◆ **Task goal**
Please return the lines of the data that contain "Stock".

[[ Supplied information, beginning ]]

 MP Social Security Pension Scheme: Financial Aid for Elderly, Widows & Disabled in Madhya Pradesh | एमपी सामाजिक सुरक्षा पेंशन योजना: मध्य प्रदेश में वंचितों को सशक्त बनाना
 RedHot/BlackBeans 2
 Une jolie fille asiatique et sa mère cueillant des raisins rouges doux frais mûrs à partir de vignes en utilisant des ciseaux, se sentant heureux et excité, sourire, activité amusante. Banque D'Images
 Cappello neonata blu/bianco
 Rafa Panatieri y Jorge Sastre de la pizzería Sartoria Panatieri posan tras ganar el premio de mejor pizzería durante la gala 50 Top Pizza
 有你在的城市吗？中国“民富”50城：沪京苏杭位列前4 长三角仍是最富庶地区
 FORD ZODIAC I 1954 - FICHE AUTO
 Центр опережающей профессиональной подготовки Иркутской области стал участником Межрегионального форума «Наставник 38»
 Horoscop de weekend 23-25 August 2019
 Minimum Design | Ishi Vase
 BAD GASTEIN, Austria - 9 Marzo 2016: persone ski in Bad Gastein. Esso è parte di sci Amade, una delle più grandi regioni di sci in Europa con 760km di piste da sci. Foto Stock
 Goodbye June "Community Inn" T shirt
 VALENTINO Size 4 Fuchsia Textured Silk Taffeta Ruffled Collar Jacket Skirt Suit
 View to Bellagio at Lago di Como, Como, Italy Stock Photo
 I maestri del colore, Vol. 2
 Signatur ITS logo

[[ Supplied information, end ]]

◆ **Completed task**
 BAD GASTEIN, Austria - 9 Marzo 2016: persone ski in Bad Gastein. Esso è parte di sci Amade, una delle più grandi regioni di sci in Europa con 760km di piste da sci. Foto Stock
 View to Bellagio at Lago di Como, Como, Italy Stock Photo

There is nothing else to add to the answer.